Yahoo, an American web service provider, has announced plans to send home approximately 20 percent of its global workforce, representing more than 1,600 people. According to the announcement, Yahoo, which is 90 per cent owned by Apollo Global Management and 10 percent by Verizon Communications, will be restructuring its advertising business unit. As a result, more than 50 percent of the company’s ad unit employees will be affected by the lay-offs that will begin this week.
According to Yahoo CEO Jim Lanzone in a recent interview, the upcoming workforce lay-offs are not due to financial challenges, but rather, to restructure its ad business unit that has not been profitable for long. As a result, the company’s quest to compete with Alphabet Inc (NASDAQ: GOOGL) and Meta Platforms Inc (NASDAQ: META) in the advertisement industry will be suppressed significantly for now. As a result, the company’s 30-year partnership with Taboola.com (NASDAQ: TBLA) will be the sole driver of its advertising business.

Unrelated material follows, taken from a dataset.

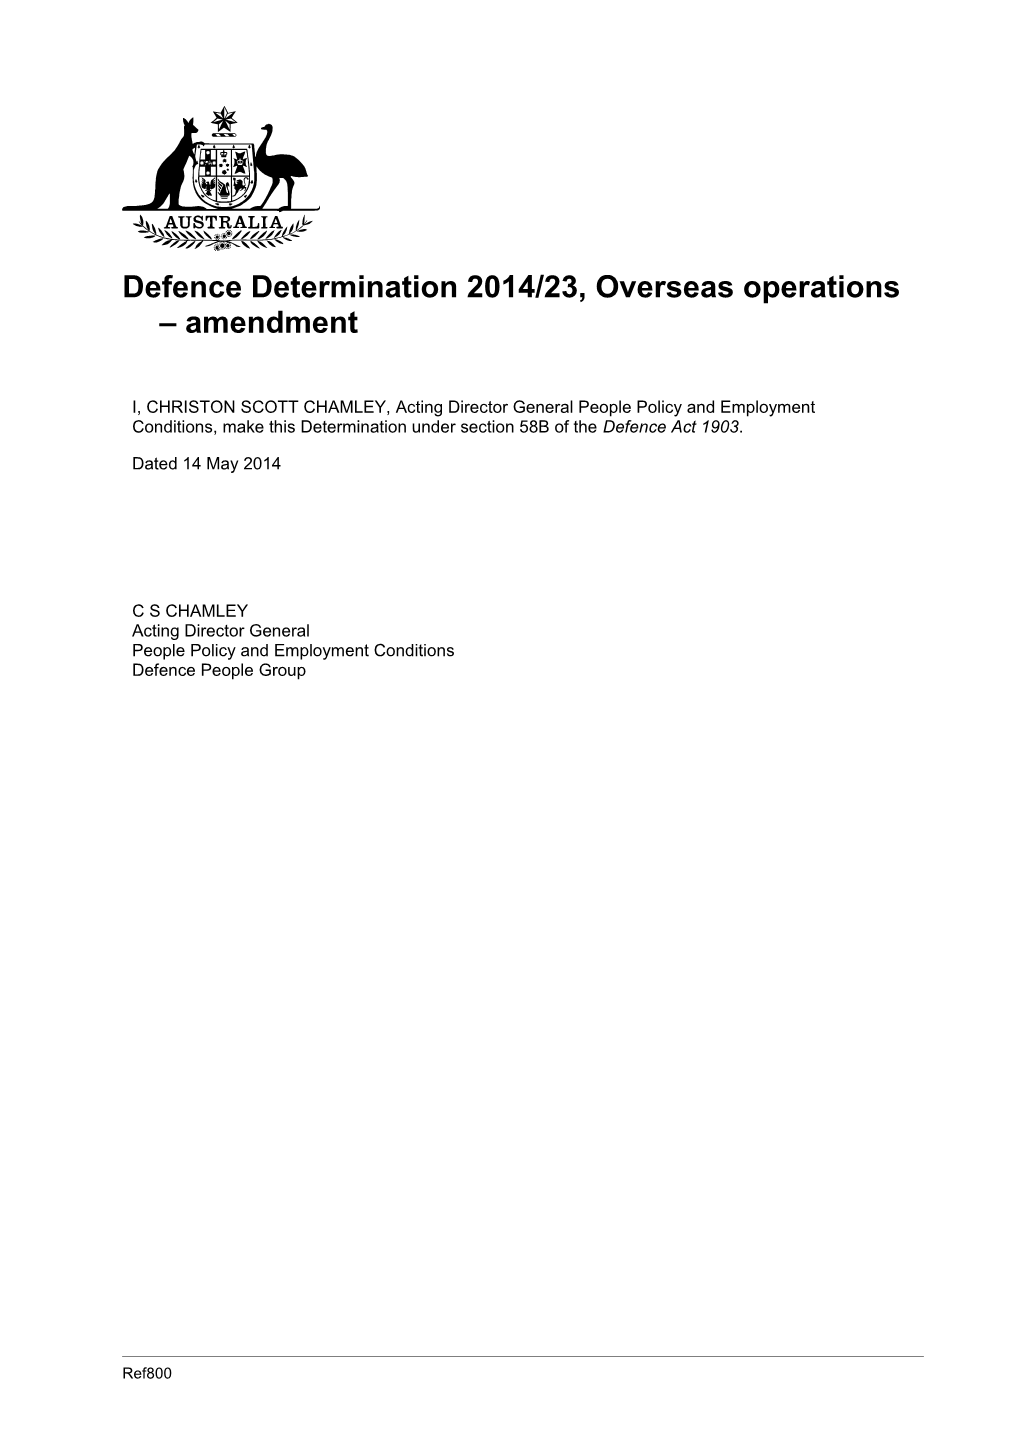 Defence Determination 2014/23, Overseas Operations Amendment
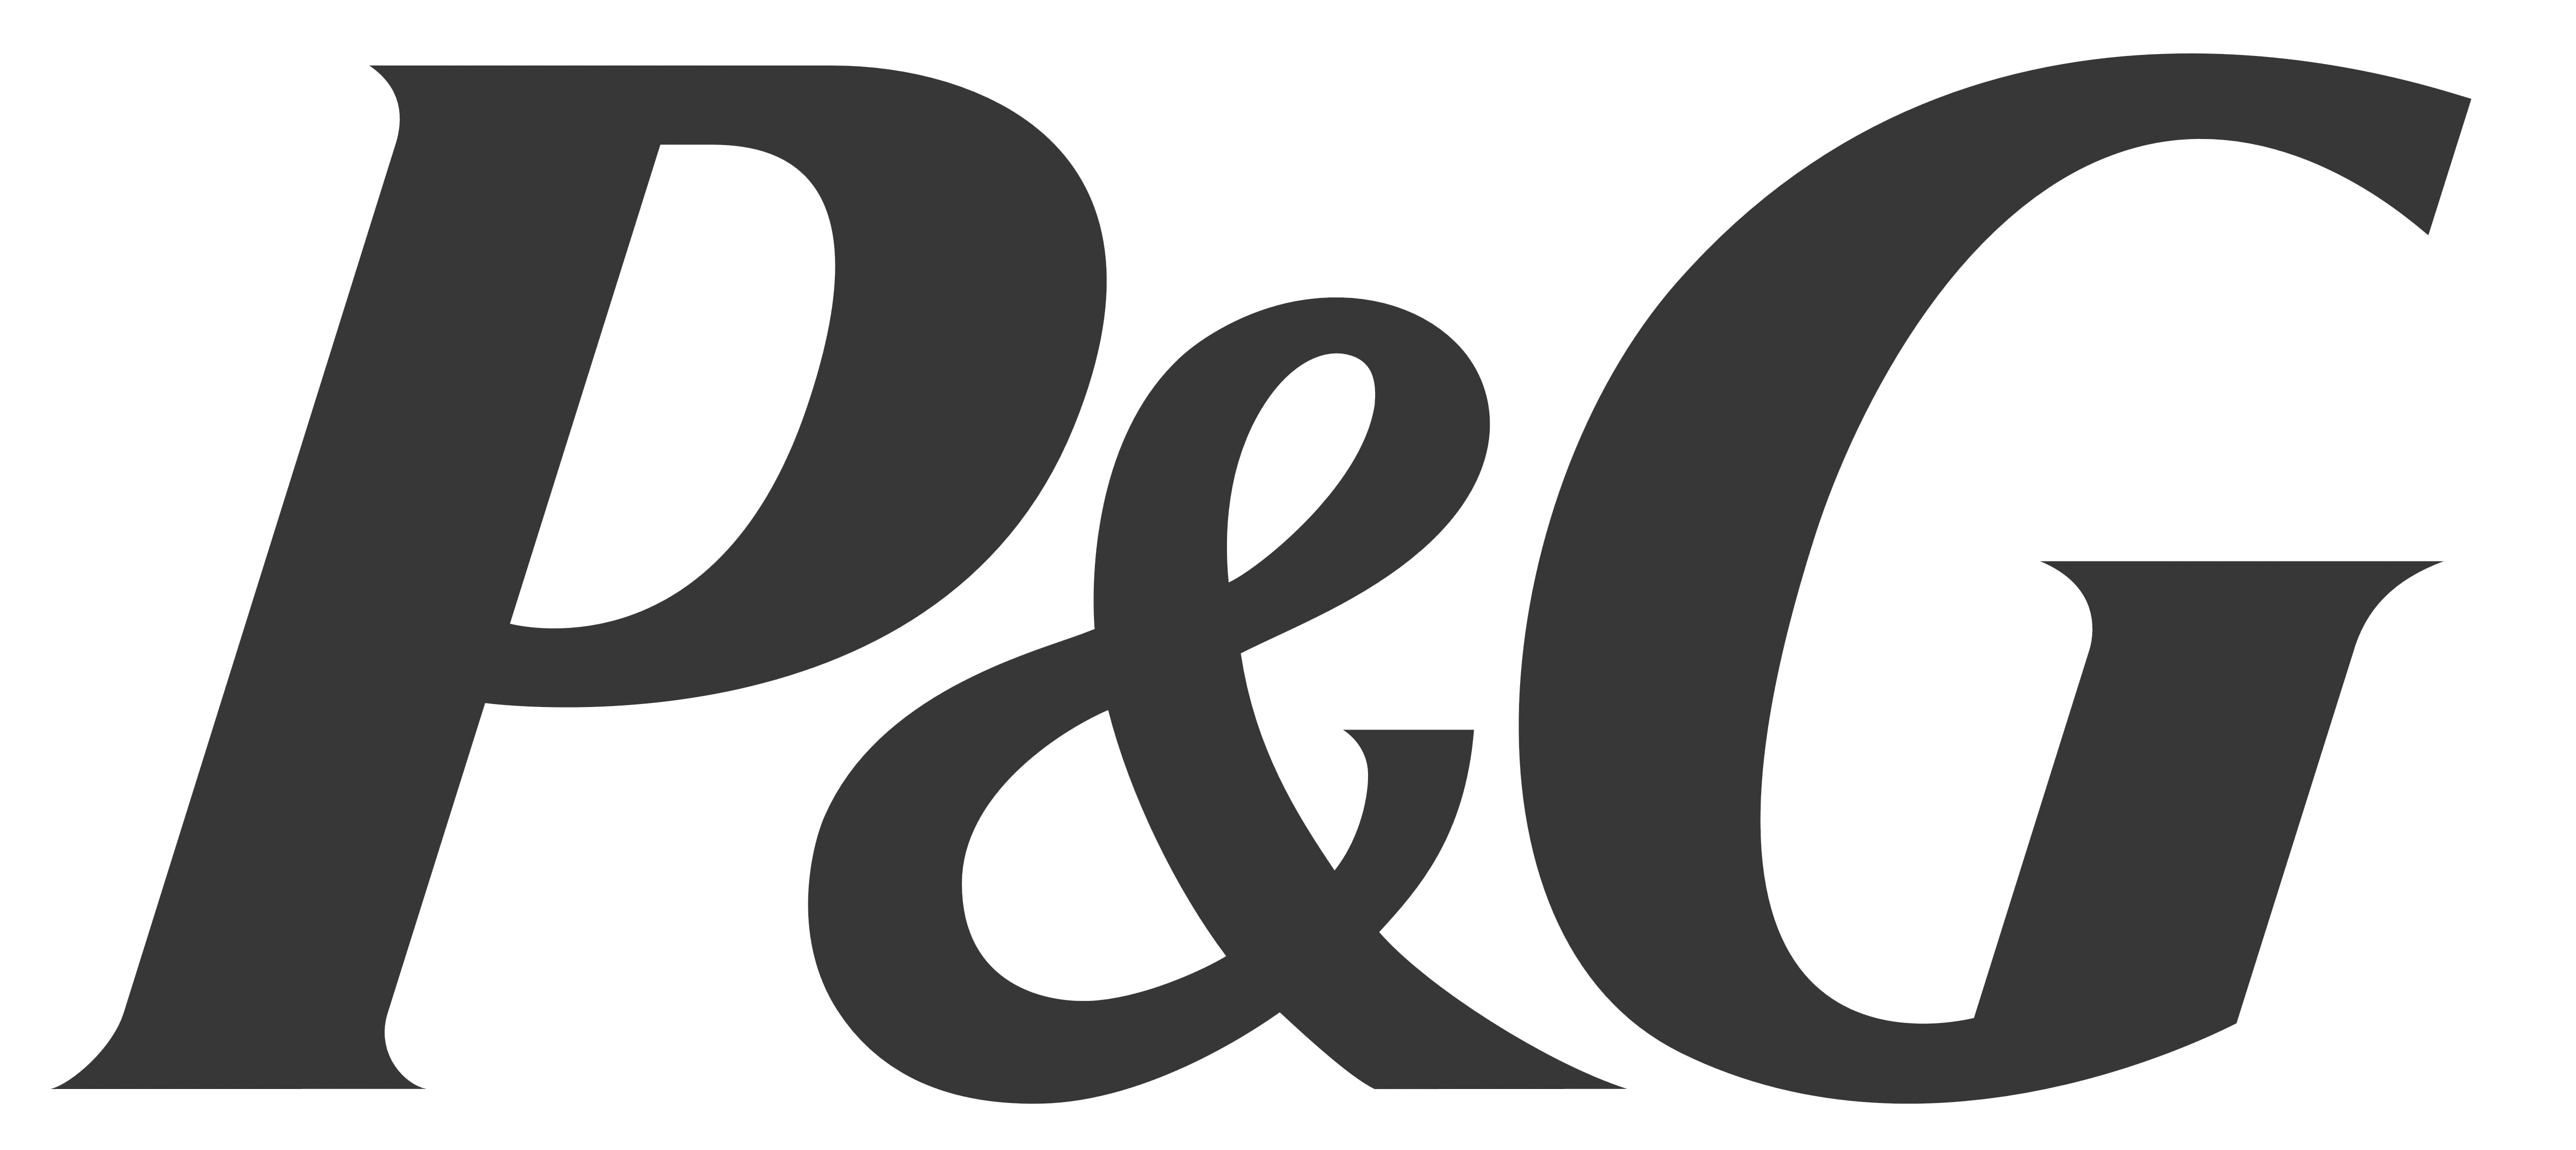 P&G procter and gamble logo

“These decisions are never easy, but we believe these changes will simplify and strengthen our advertising business for the long run while enabling Yahoo to deliver better value to our customers and partners,” the Yahoo spokesperson noted.
Yahoo has announced that about 1,000 of the 20 percent workforce cuts will be implemented by the end of this week. Without mentioning any details, the company indicated that the affected employees be provided with severance packages.
Founded during the early internet period in the 90s, Yahoo has grown to one of the respected global web service companies. However, competition has significantly increased from other internet service providers like Microsoft Corporation (NASDAQ: MSFT) which once offered to acquire Yahoo for about $44 billion.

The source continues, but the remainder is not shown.